We received a call about 12 days ago from the cardiologist in Haiti asking us to bring Wadagens to a hospital in Petion-ville. We learned that a team of French doctors were coming to Haiti to do open heart surgery. This was the first French team but we learned that it was the 6th Heart team to do open heart surgery in Petion-ville! I was so surprised to hear this, but they have all of the equipment at this hospital and had been doing surgeries for quite some time.
We needed 4 people to go give blood. They would not even consider him for surgery until we had 2 units of blood ready for him. In Haiti, we have to take 4 people to give blood for them to give us 2 units of blood.
Wadagens had a hole between his ventricles and according to the echocardiogram, he had a stenosis of his pulmonary valve. He only weighed 10 Kg (22 lbs) and he was the smallest heart patient done in Haiti. At first, they said they would not do surgery because of his size, but then the surgeon chose him because his operation was supposed to be fairly easy.
Wadagens has had several severe episodes of respiratory problems since he’s been at GLA. He was an abandoned child and I’m sure that he was abandoned because of his fragile health issues. This surgery was an answer to prayer because we could not easily get a passport for Wadagens to get the surgery outside of Haiti because he was abandoned.
When the doctors did his surgery, they later told us that he would not have lived to see 4 if no surgery was done. His heart was enlarged, the ventricle was quite large and thick and he did not have a pulmonary valve! They constructed a valve for him in the operating room, thinned down his ventricle and closed the hole he had between his ventricles.
They kept him in the hospital 4 days because he was very congested after surgery and his ventricle was “lazy” and not beating quite as efficiently as they would have liked. But by the 4th day, Wadagens was ready to come home!
When we returned on Saturday to see the doctors and have an echocardiogram done, Wadagens was walking all over the place! The doctors and nurses were so pleased with his progress. He still had a very loose cough, but was doing great!

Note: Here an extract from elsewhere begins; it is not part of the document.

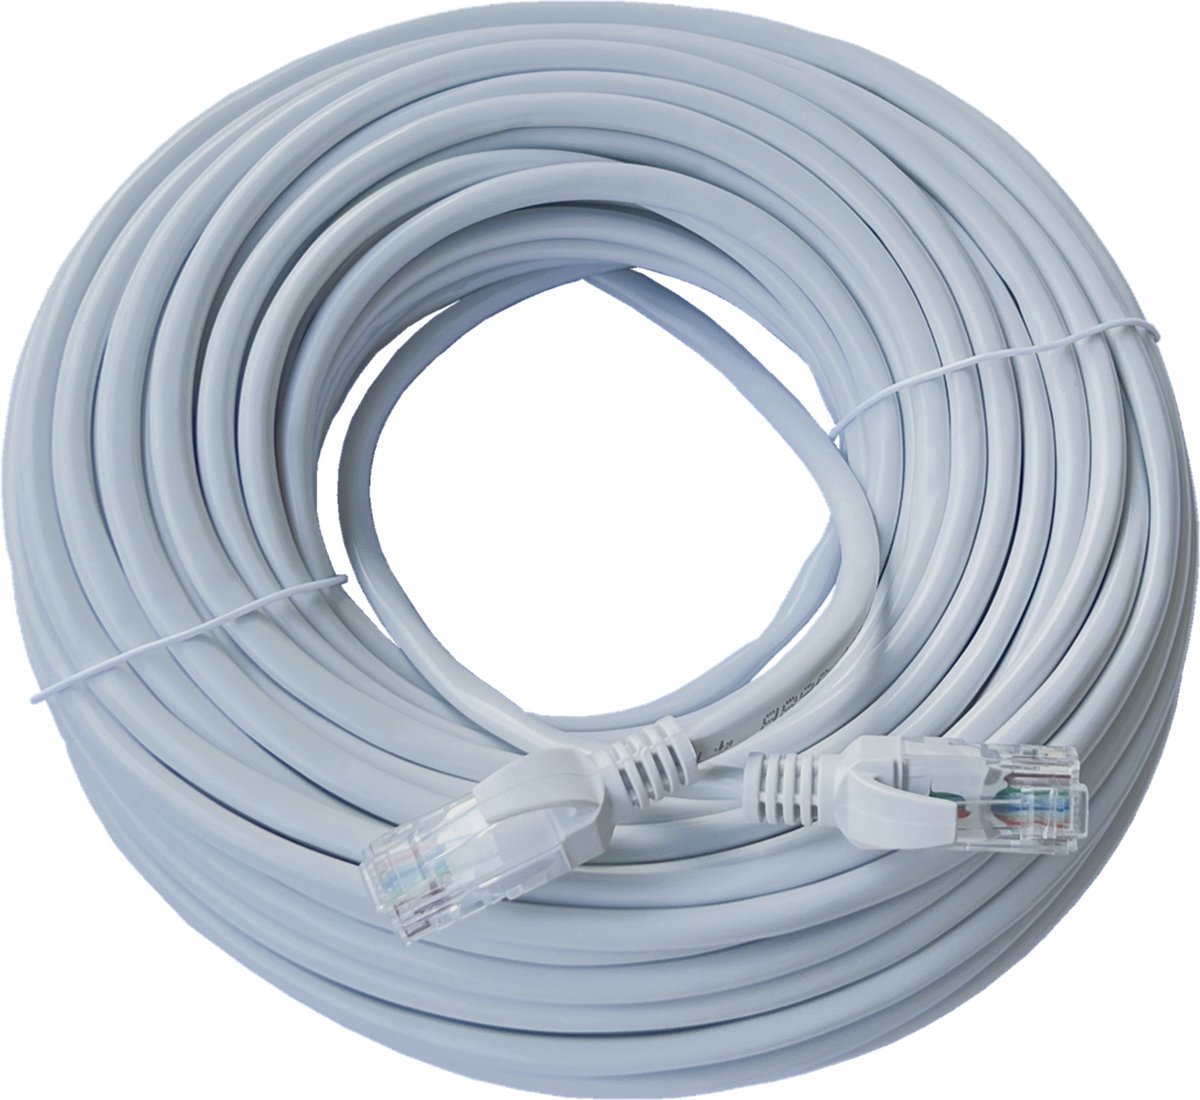 ValeDelucs Internetkabel 5 meter - CAT6 UTP Ethernet kabel RJ45 - Patchkabel LAN Cable Netwerkkabel - Grijs

Our nurses, Rebecca Udermann and Britany Smith, were with Wadagens every step of the way. They took turns staying with him after surgery and he had been sleeping in their room since he came home. In fact, we were talking about putting him back in the nursery after the weekend because he was doing so well!
Today his 8th post operative day, he and Frantina were so cute as she held his hand and took him around the office. I guess he ate a very good lunch. His cough had changed during the night from loose to very tight which concerned us a little bit.
Today, our pediatrician was here and went over to see him and thought he looked very good but felt he needed a different medication to help with his cough and breathing. As she’s telling me this, Rebecca comes running in and Wadagens had fainted in his crib.
Shortly after coming into the house, he stopped breathing. We breathed for him for a short time and he started breathing again, but never woke up really. Everyone worked for 1 hour and 45 minutes trying to save him. Losing him was not acceptable to any of us!
As a nurse, it affects you when you lose someone you have been taking care of in the hospital, but not quite like in the orphanage, because YOU are the mother of these children. They are yours. We stand in the place of their mamas to be there to kiss them when they fall down, hug them when they need assurance or just a little bit of love, and to keep ourselves between them and danger. So when we lose a child at the orphanage, we grieve like a mother, because we ARE their mamas. Even if it’s just for a short time, our role is as their ‘MOM”.
So tonight, our hearts are breaking just a little bit. There is a coffin with a beautiful little boy in it a short distance from me right now. We had a nice little service for him tonight with most of the staff here. His life deserved that recognition from all us tonight and we were able to share our thoughts and our grief for Wadagens.
Tomorrow, we will dust ourselves off and go on and work our butts off to save the next sick child, but there will be a spot in our hearts forever for a child who liked to make funny faces and tonight is truly an Angel in the arms of God!